### TO DO
Could you repeat the listing below exactly while leaving its pictures behind?

### EXERCISE DATA
::::::

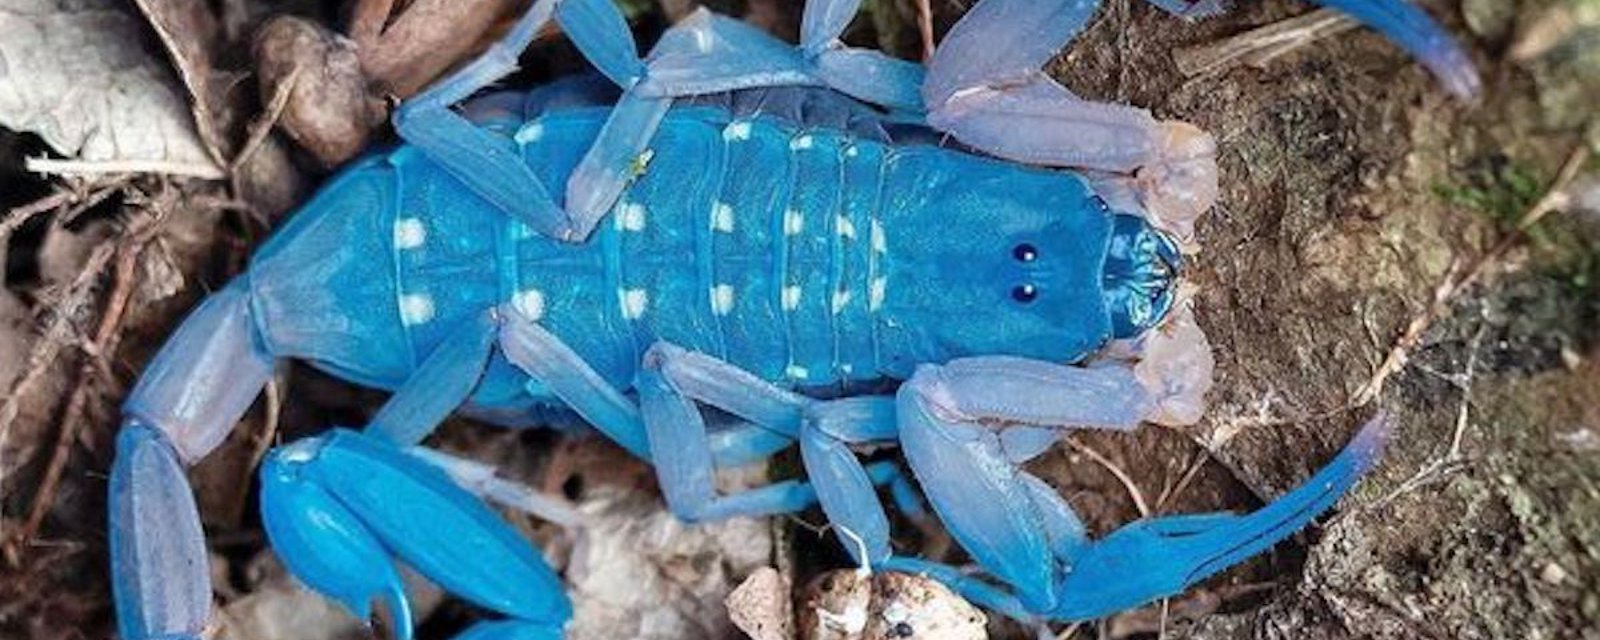 Le Scorpion bleu: une autre surprise de la nature
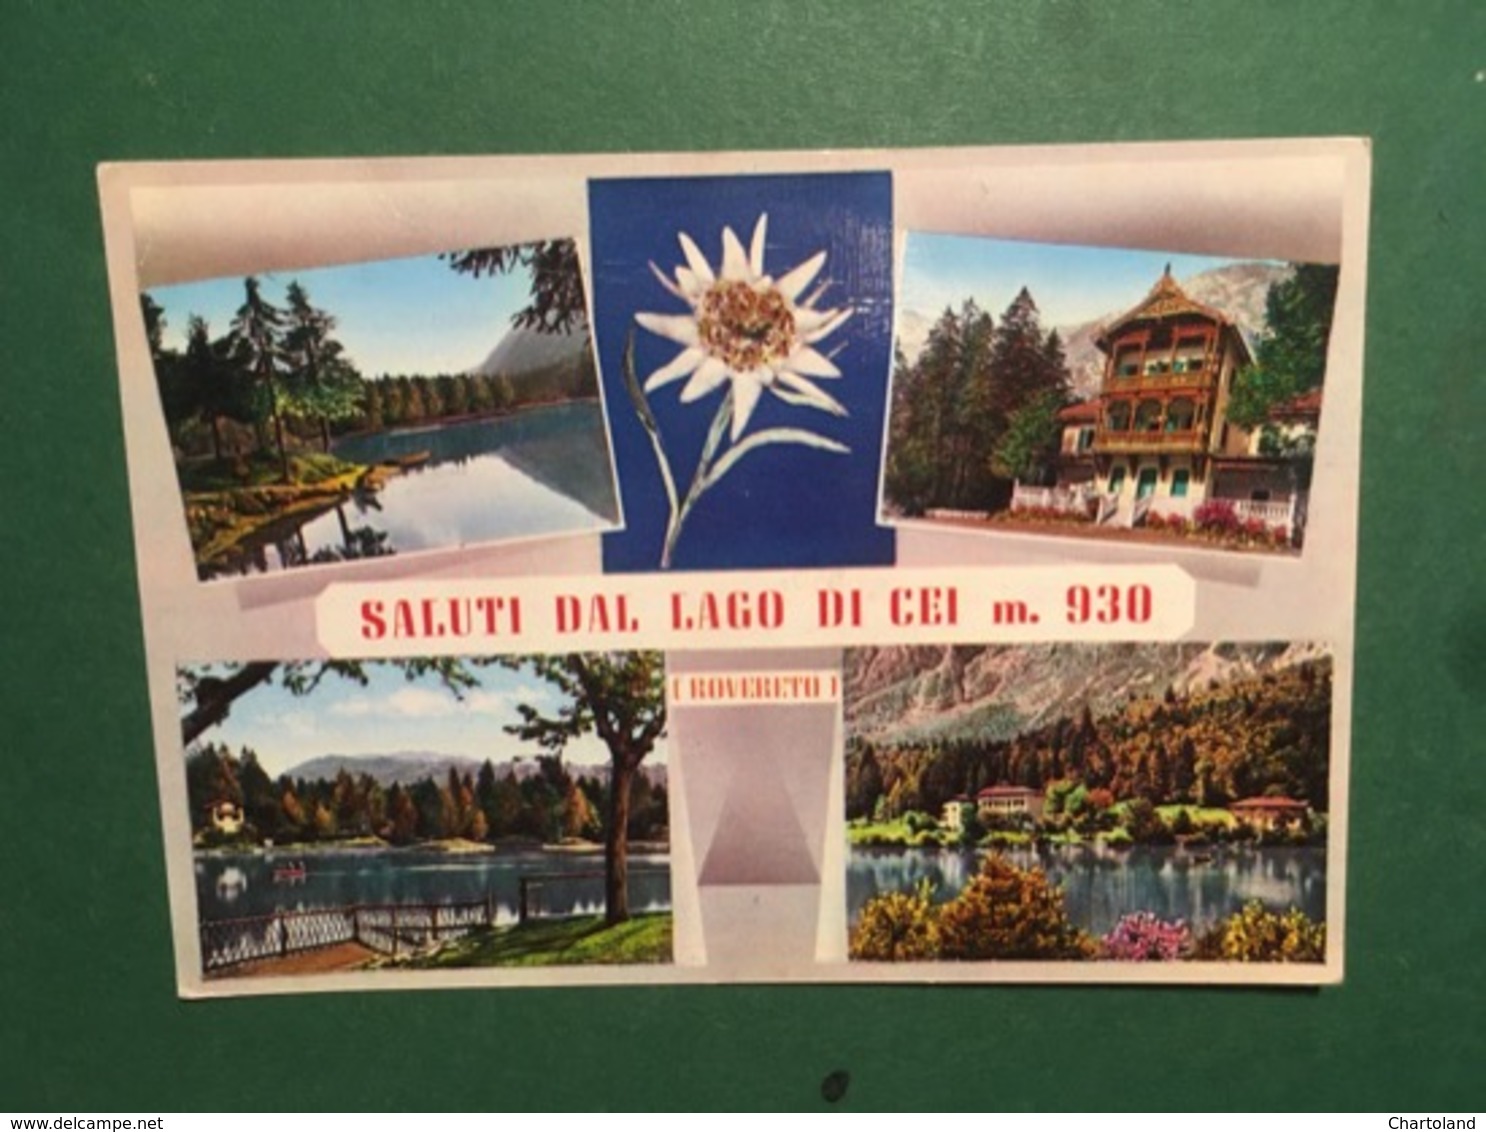 Cartolina Salti Dal Lago Di Cei - Rovereto - 1966 - Trento
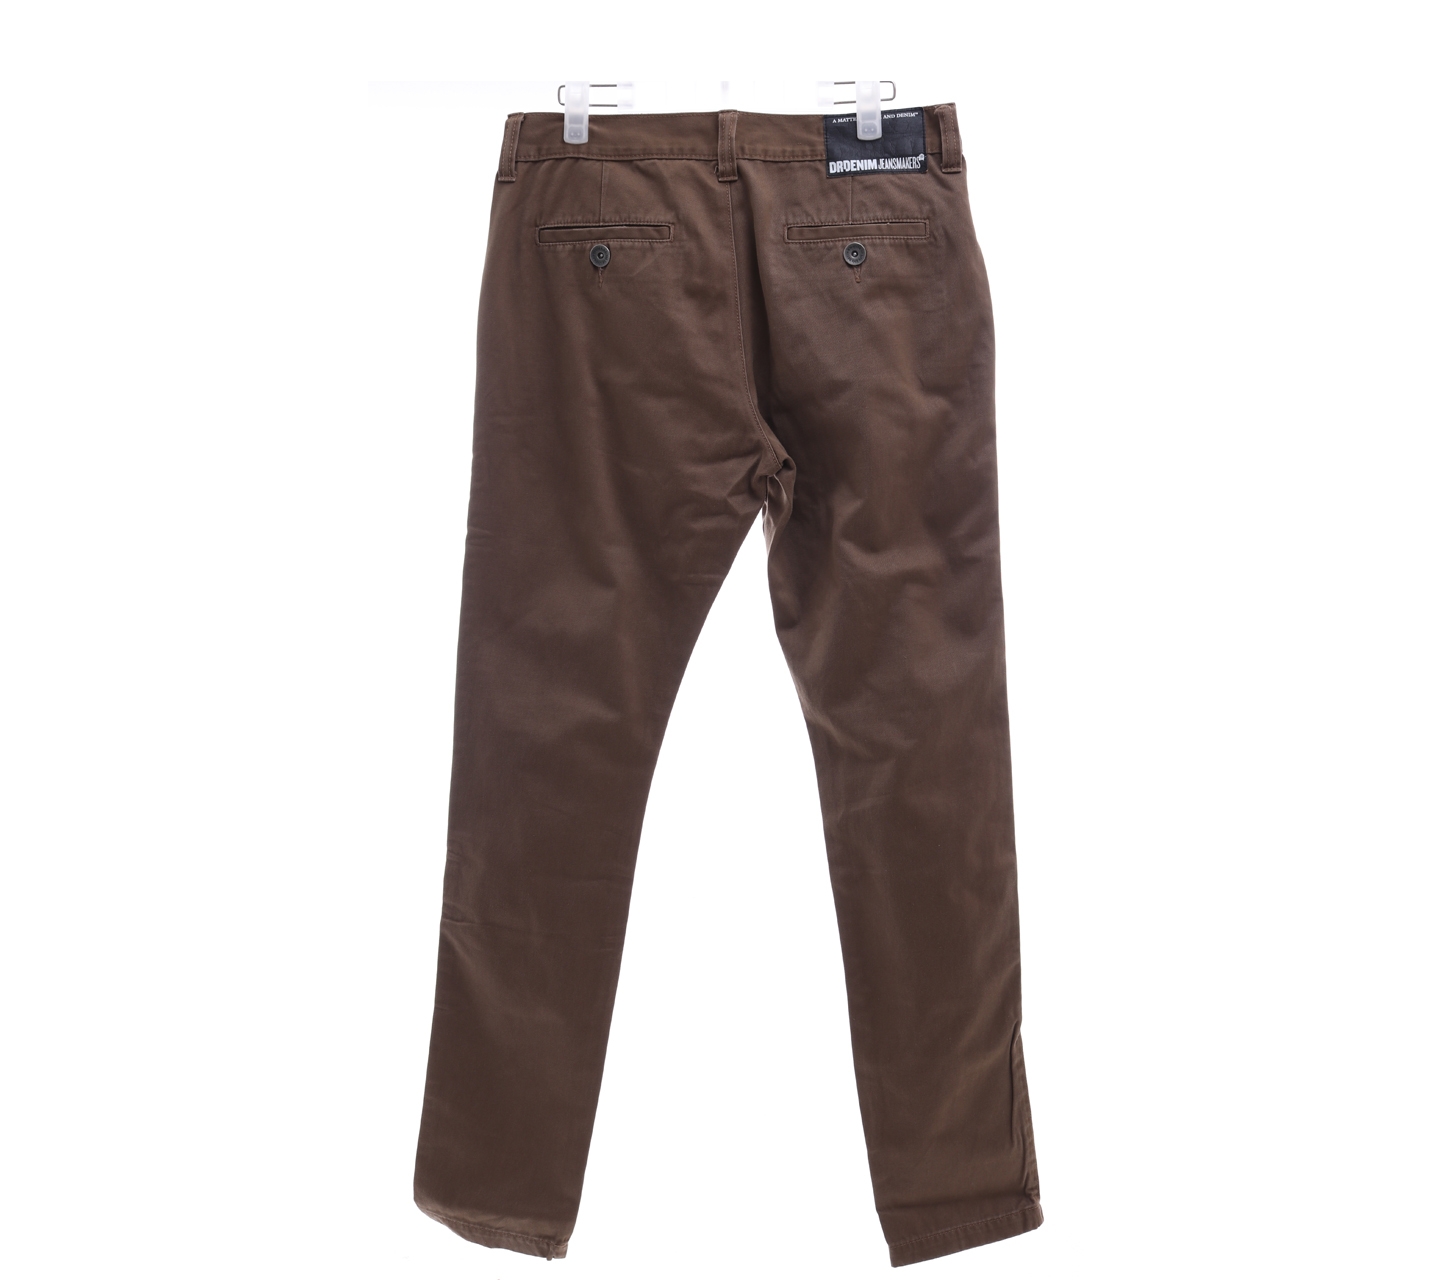 Drdenim brown long pants

::::::

### SOLUTION BELOW
 Le Scorpion bleu: une autre surprise de la nature
 Cartolina Salti Dal Lago Di Cei - Rovereto - 1966 - Trento
 Drdenim brown long pants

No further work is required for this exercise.